• **What you need to do**
Without the pictures, print the lines from the one holding "Lined muffin pan." through the last line below, both included, exactly as they stand.

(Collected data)
▬▬▬▬▬▬▬▬▬▬

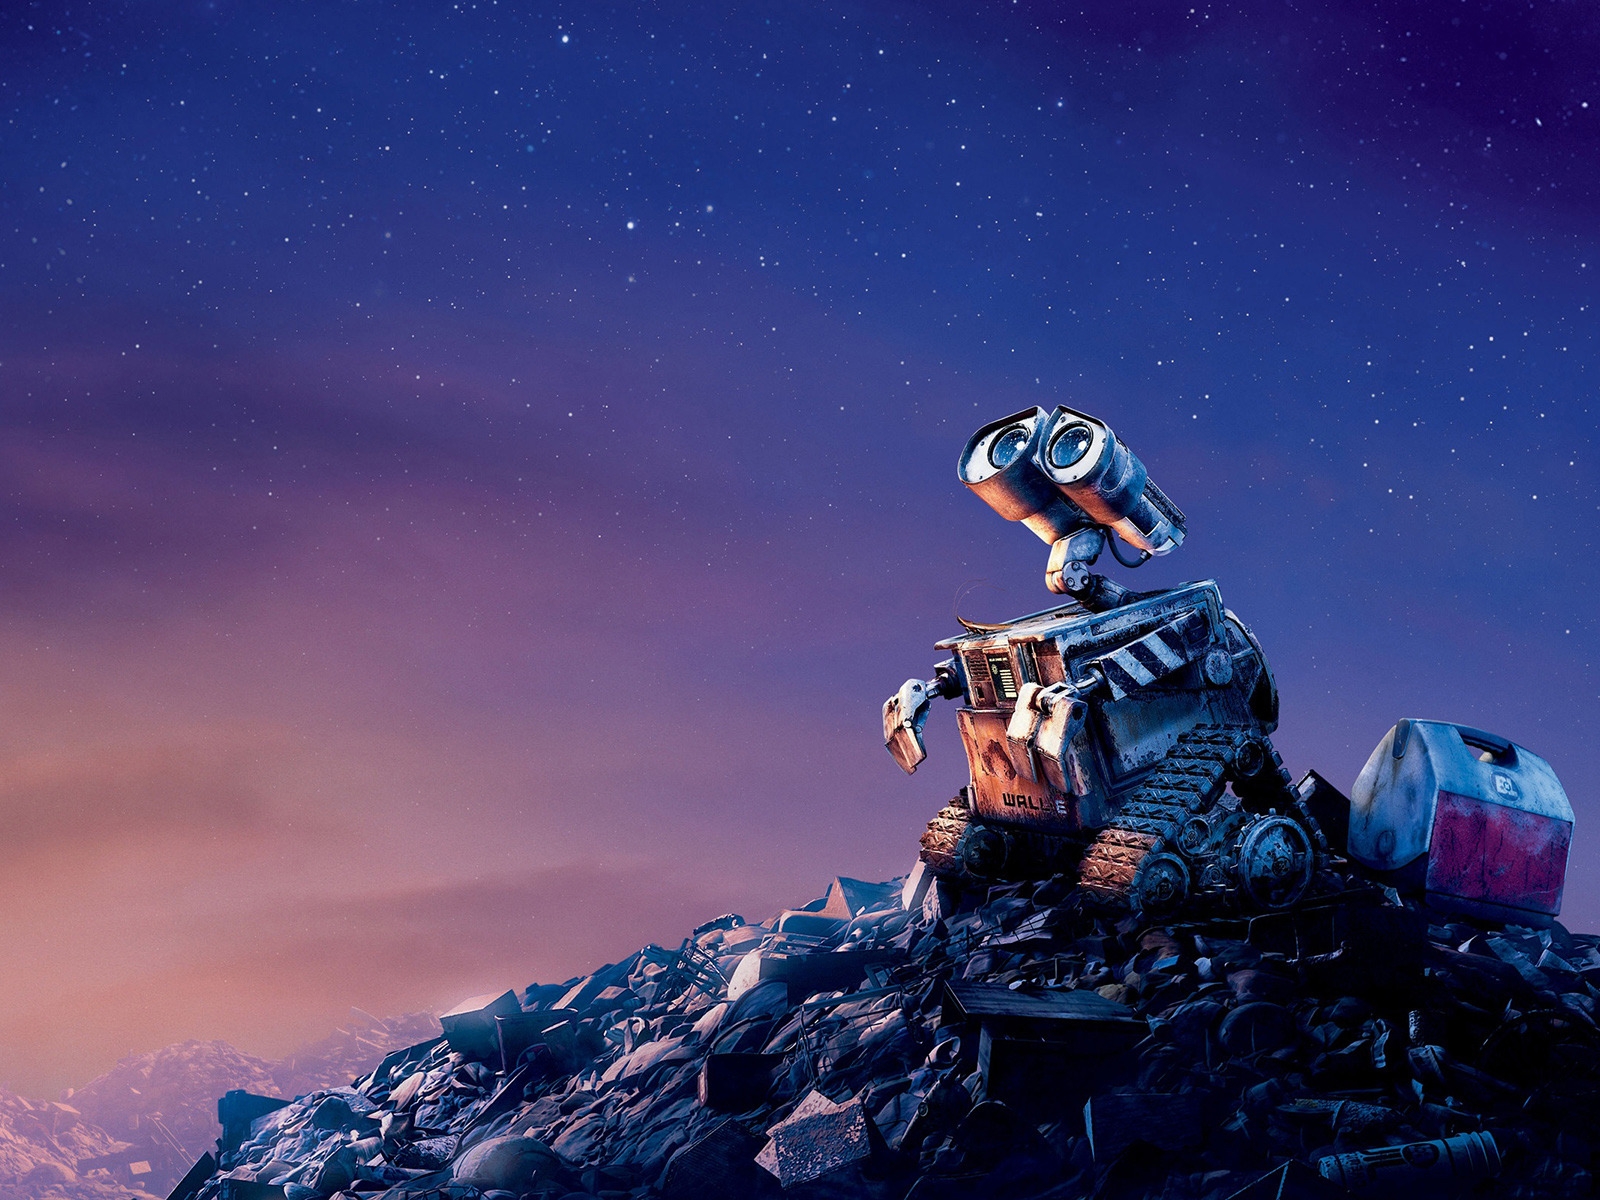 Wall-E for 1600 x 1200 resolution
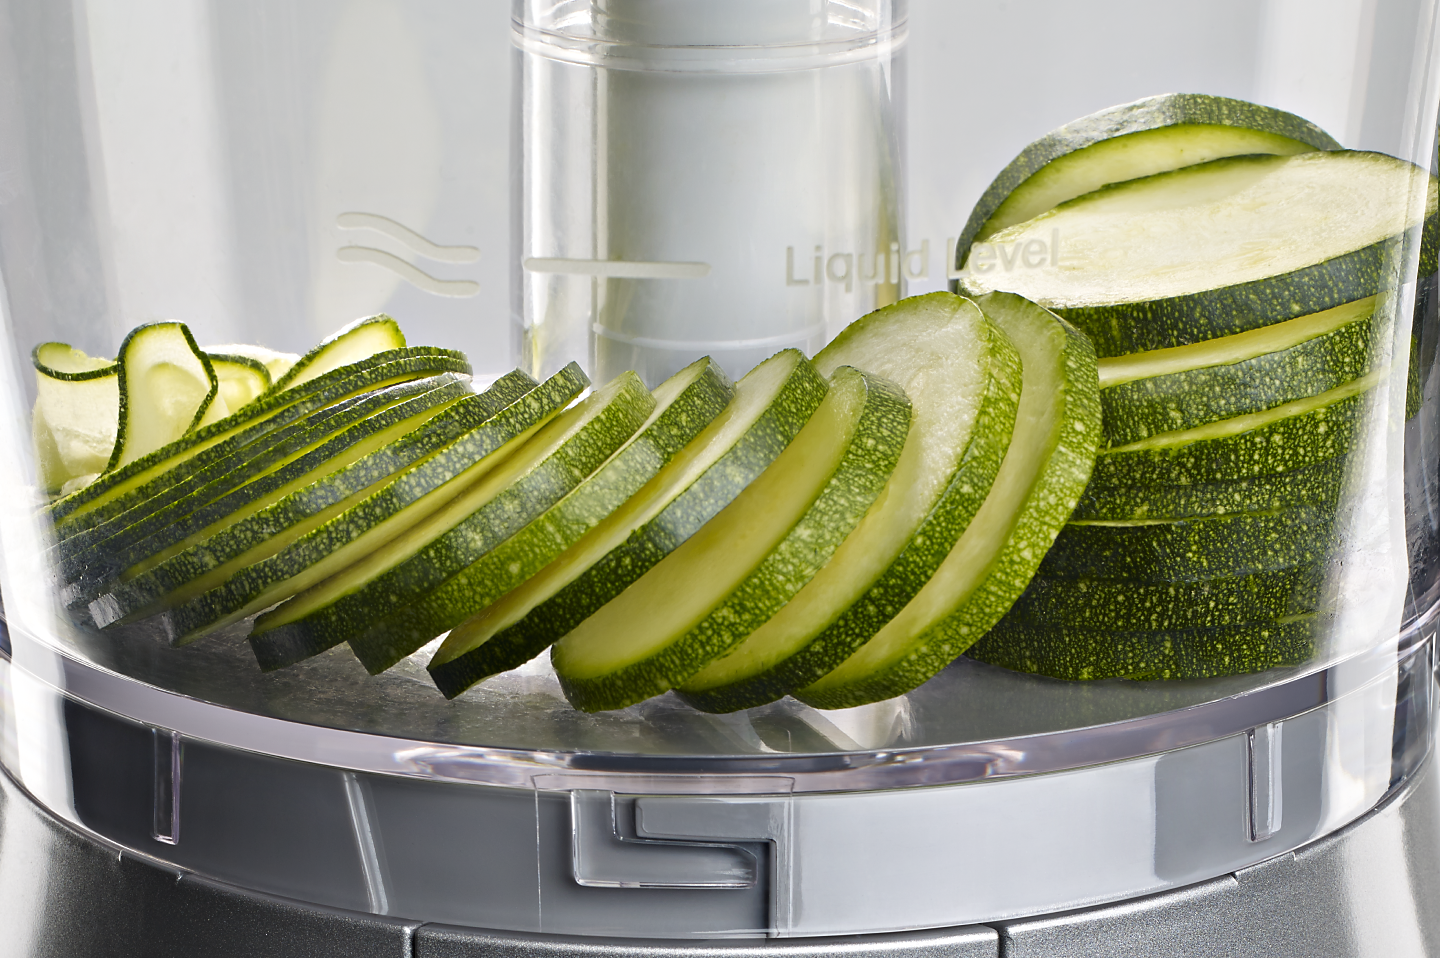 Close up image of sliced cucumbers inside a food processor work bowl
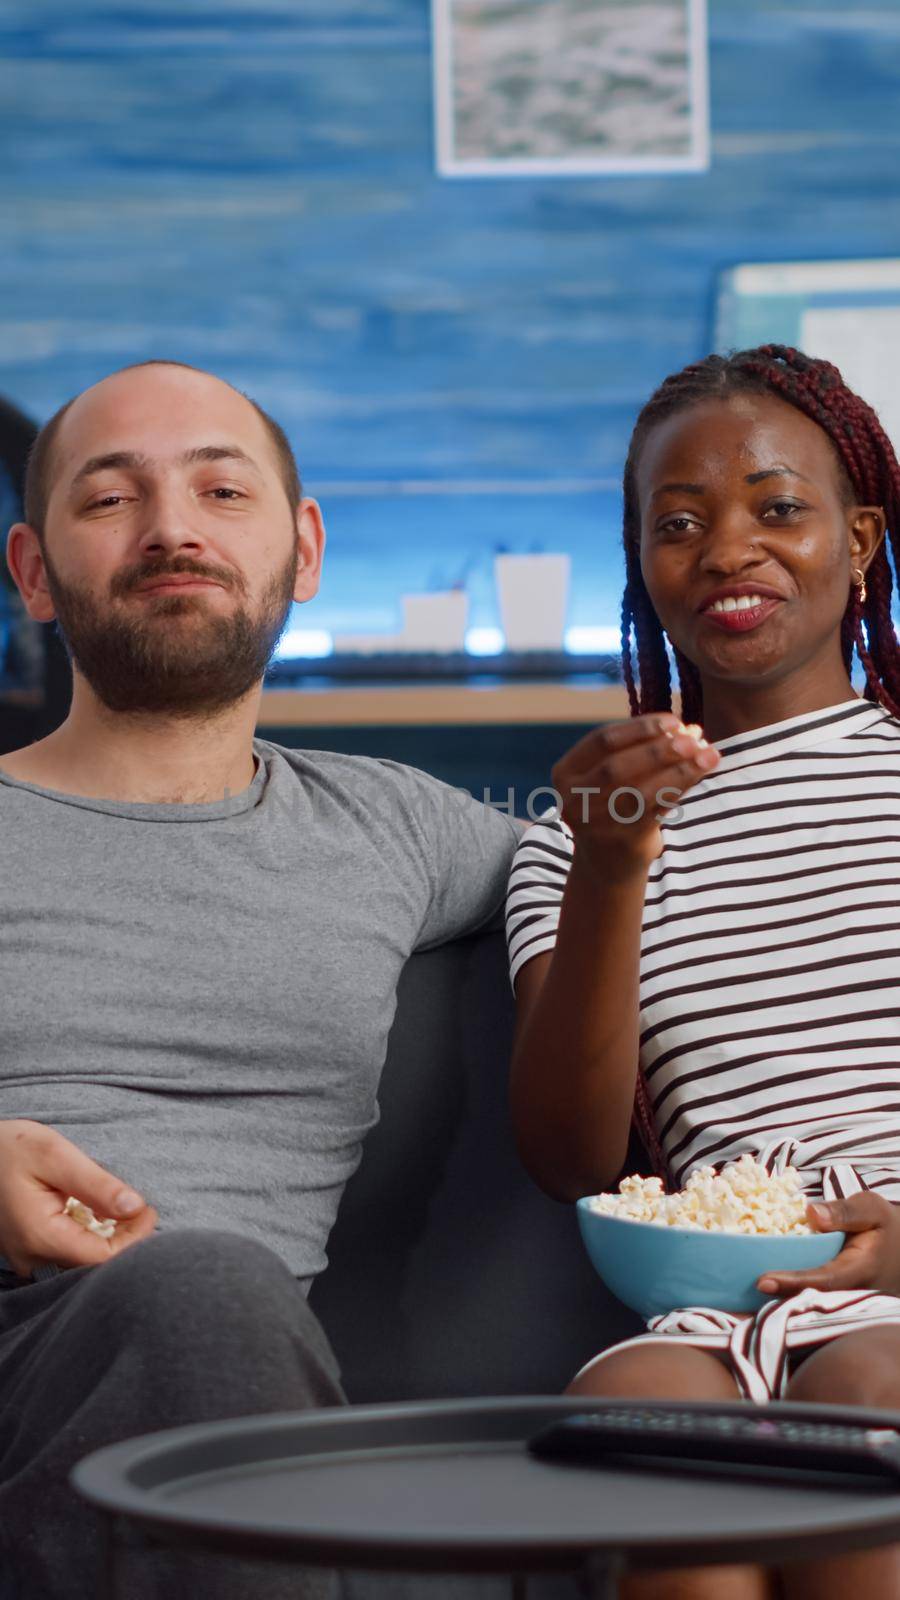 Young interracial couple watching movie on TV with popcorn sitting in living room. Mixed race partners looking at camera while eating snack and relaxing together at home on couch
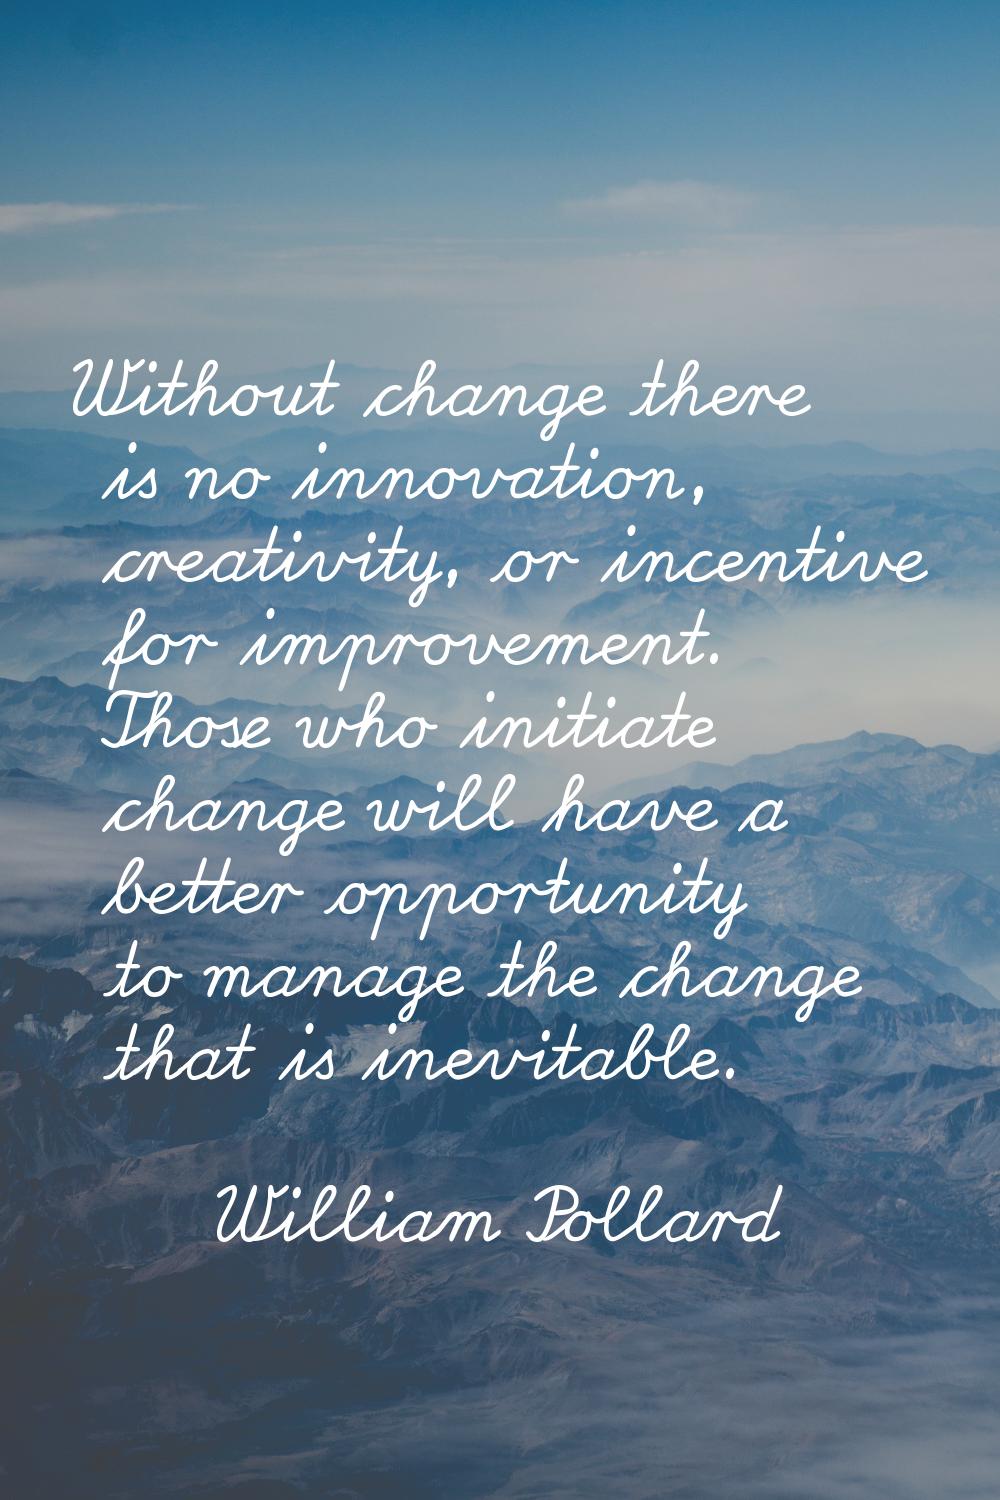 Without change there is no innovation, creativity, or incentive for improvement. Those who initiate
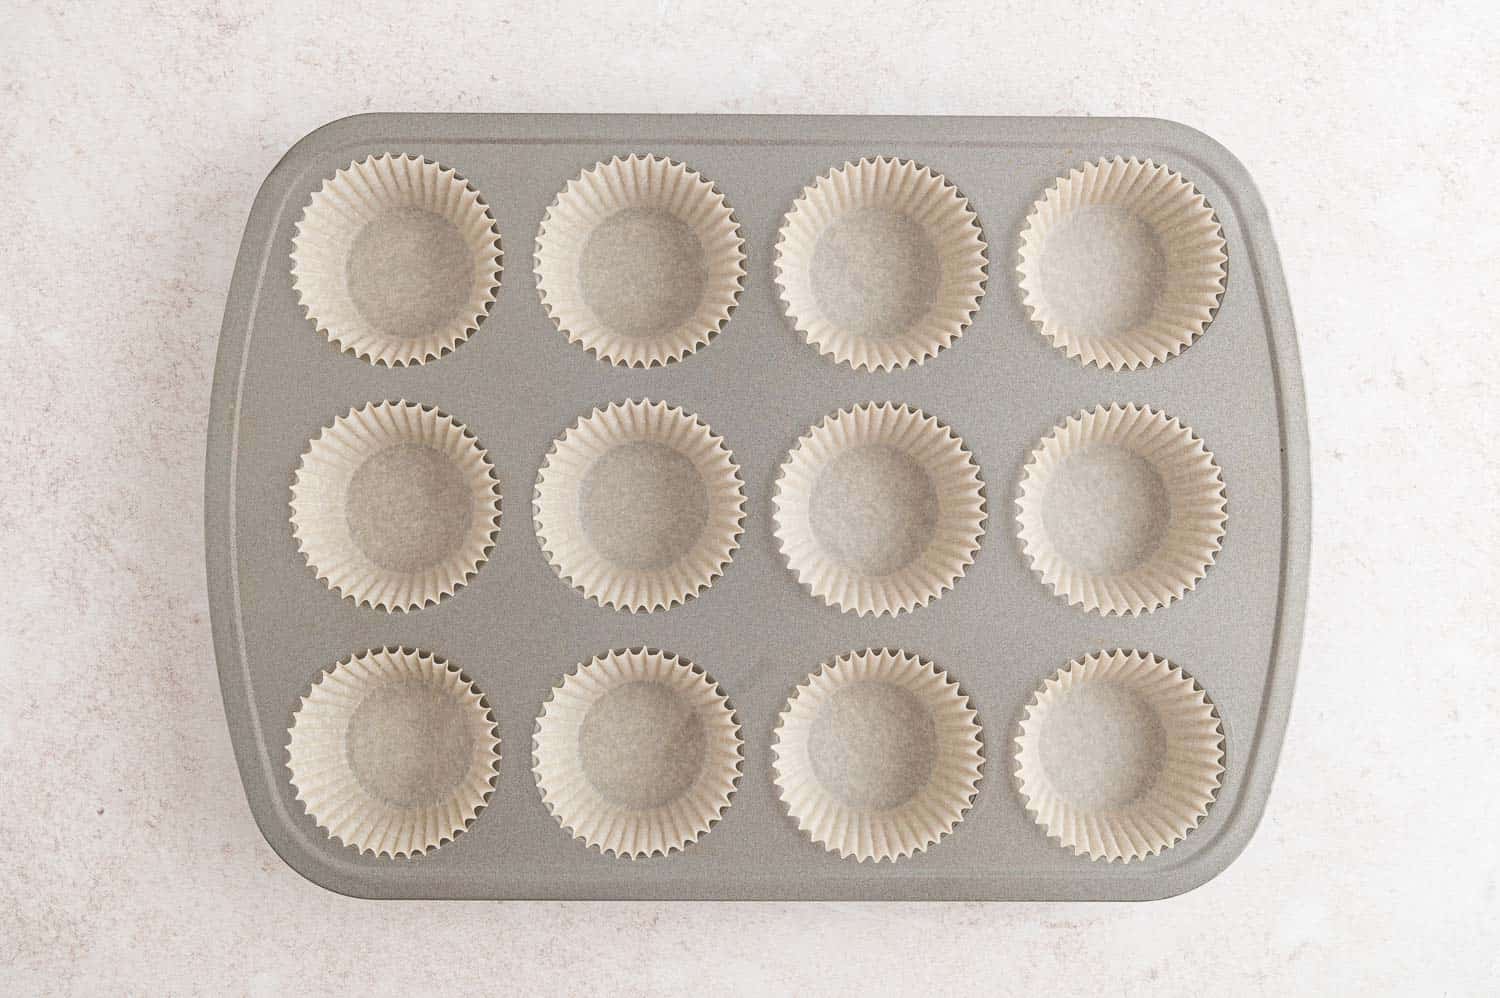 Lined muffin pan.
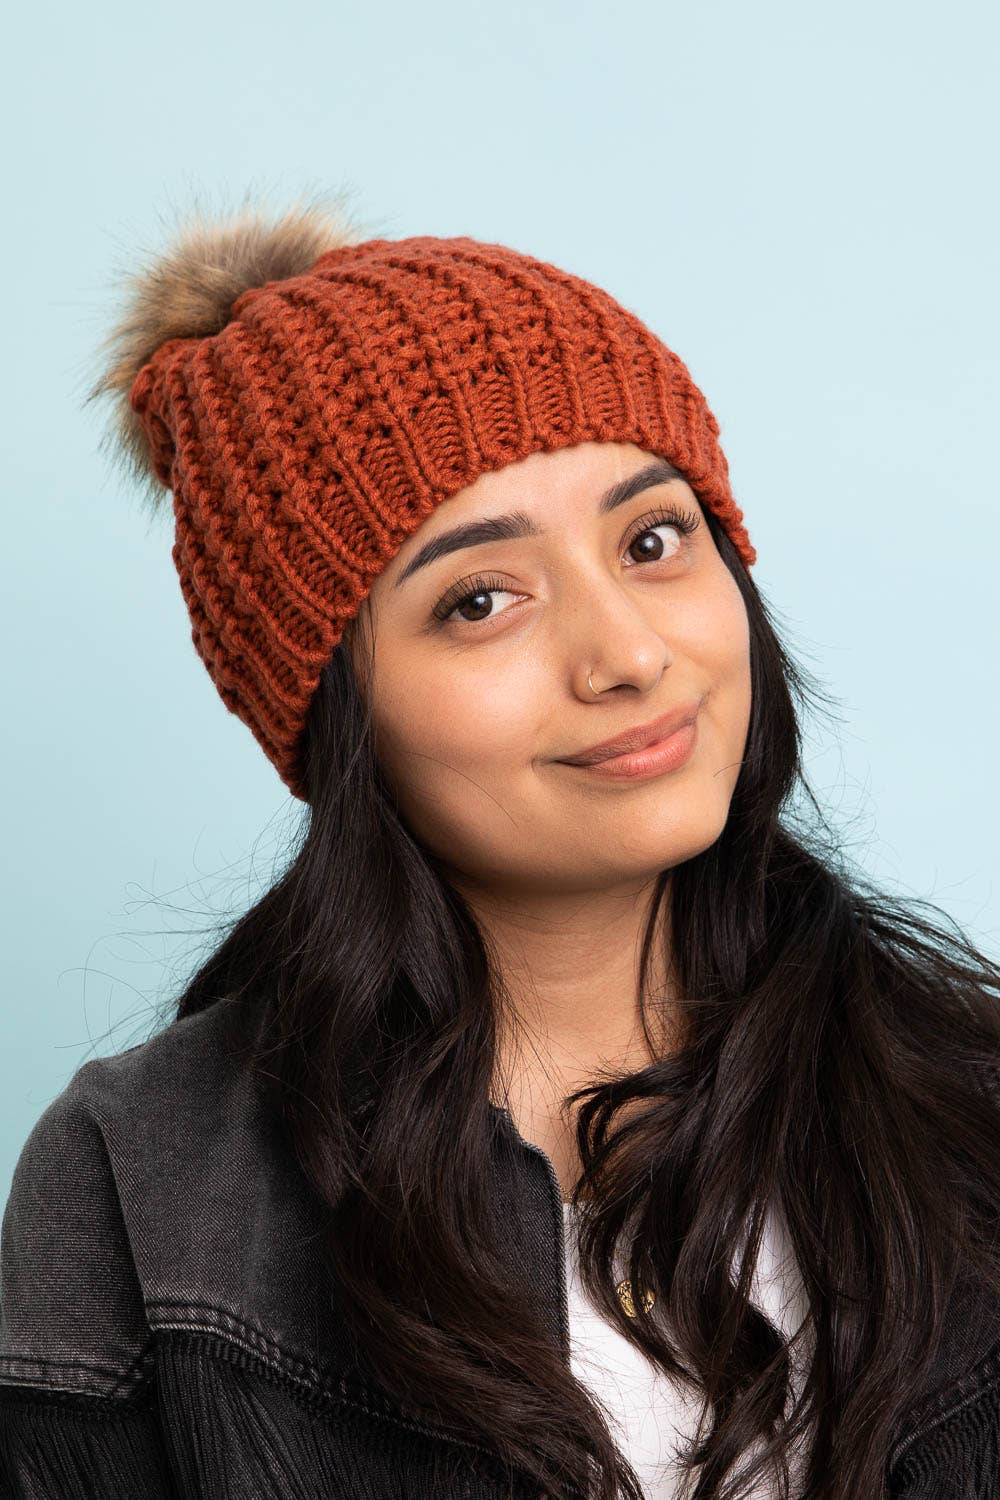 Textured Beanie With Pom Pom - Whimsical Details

▬▬▬▬▬▬▬▬▬▬

• **Answer to this exercise**
 Lined muffin pan.
 Textured Beanie With Pom Pom - Whimsical Details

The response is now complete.